Interpretation: interpreting your results can be tricky and very specific to your specific experiments. But these are a few considerations to make when speaking about your results

-          Basic interpretation (descriptive)

o   First it can be very helpful to describe exactly what you have done and what the output is. For example, if you ran a qpcr, then you can describe the samples that were used and how they relate to one another, and then discuss the levels of expression that have been quantified.

o   Here you don’t want to make any assumptions or expand on the result. Just describe what the experiment was. specifically, do not discuss how this example indicates or suggests a greater finding. For example, if you run an experiment where you watch cells move on a 2d surface, describe it as cell migration on a 2d surface; but do not go further to say this suggests or supports a greater cell process, such as metastasis.
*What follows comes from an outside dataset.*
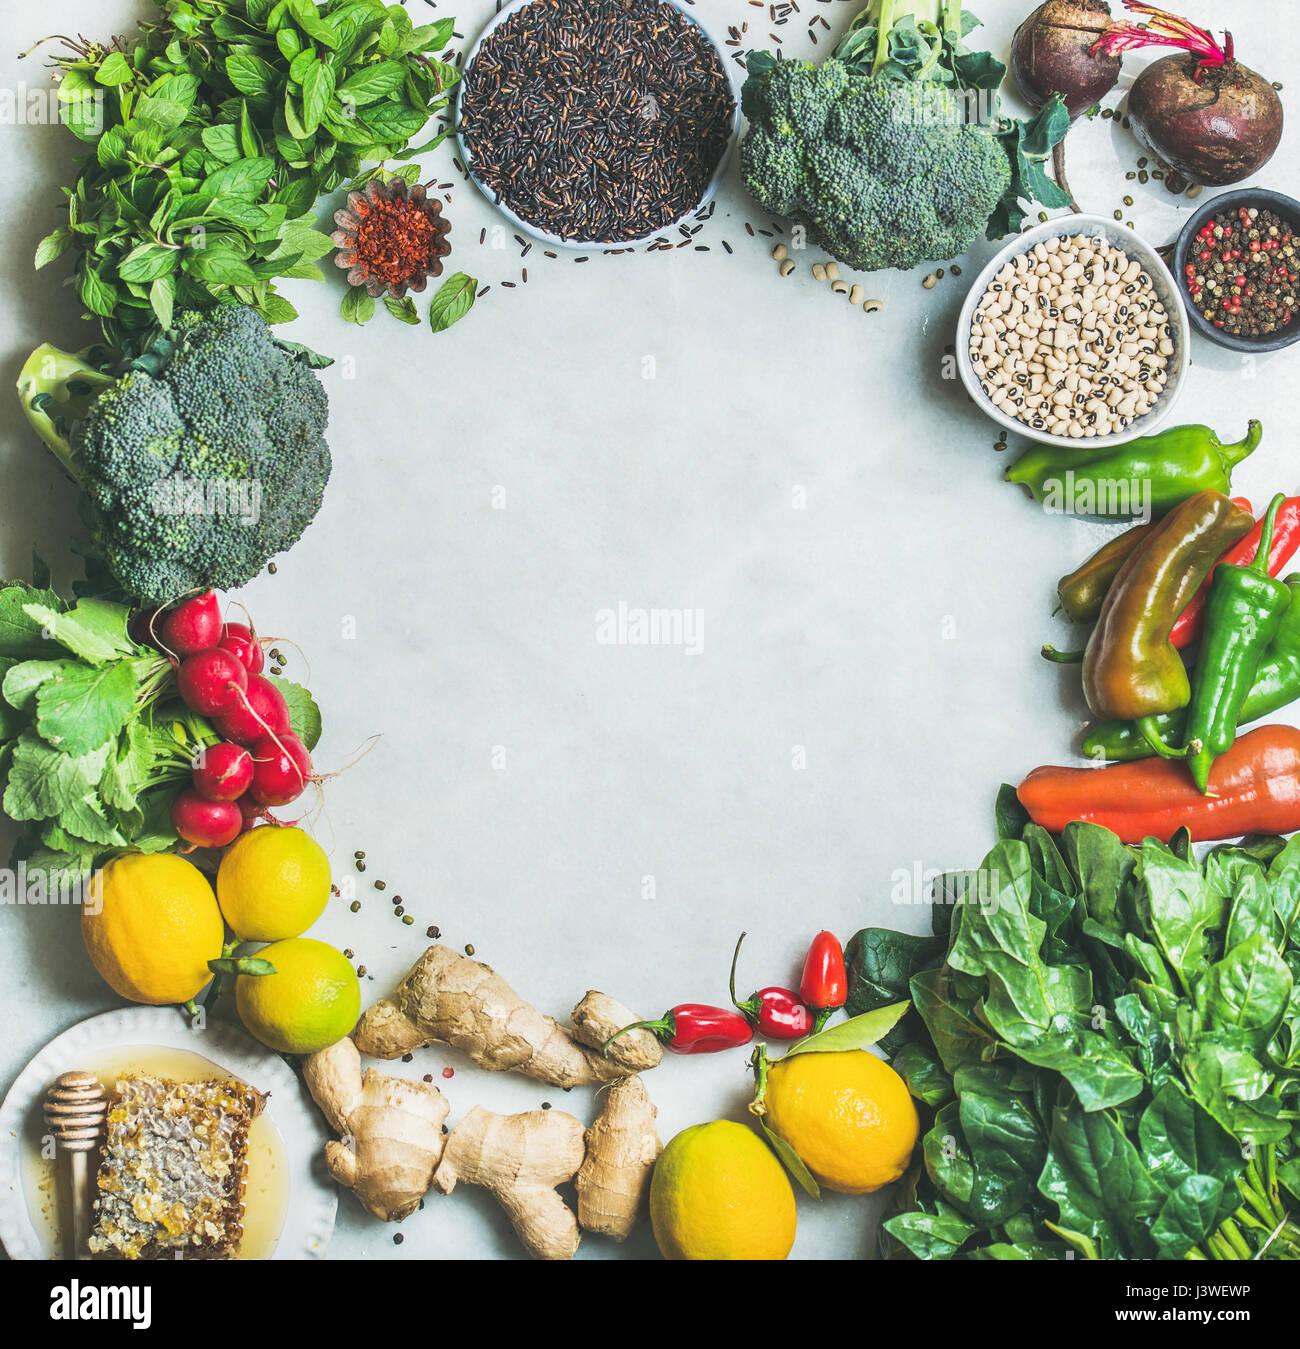 Comer sano limpio ingredientes de cocina sobre fondo gris mármol Imagen De Stock

-          Alternative hypotheses

o   Be aware of other explanations for your data. Your explanation may fit, but that doesn’t necessarily mean it is the only explanation for your data. Try to be open minded and think of other possibilities.

-          Proxy assay

o   If you use an assay that is reductionist from another phenomena you are studying, be careful in how far you push your conclusions. For example, a simple in vitro assay is typically not sufficient to describe a complex in vivo behavior. It may be correlated and reflect an important component of the larger phenomena, but you need to be aware of the limitations of your actual study.

-          Statistics

o   Be careful how you describe significance. I don’t fully understand some statistics and it can be an easy place for attack by reviewers. Also it is important that you understand the significance of your own data and explicitly what it means by significance.

-          Experimental weaknesses

o   No experiment is perfectly a reflection of nature. This is why scientific papers include many experiments. So when interpreting your result, be aware of physical limitations in your system as well as imperfections. This is where you need to compare the actual phenomena you are interested in vs the system you are currently using.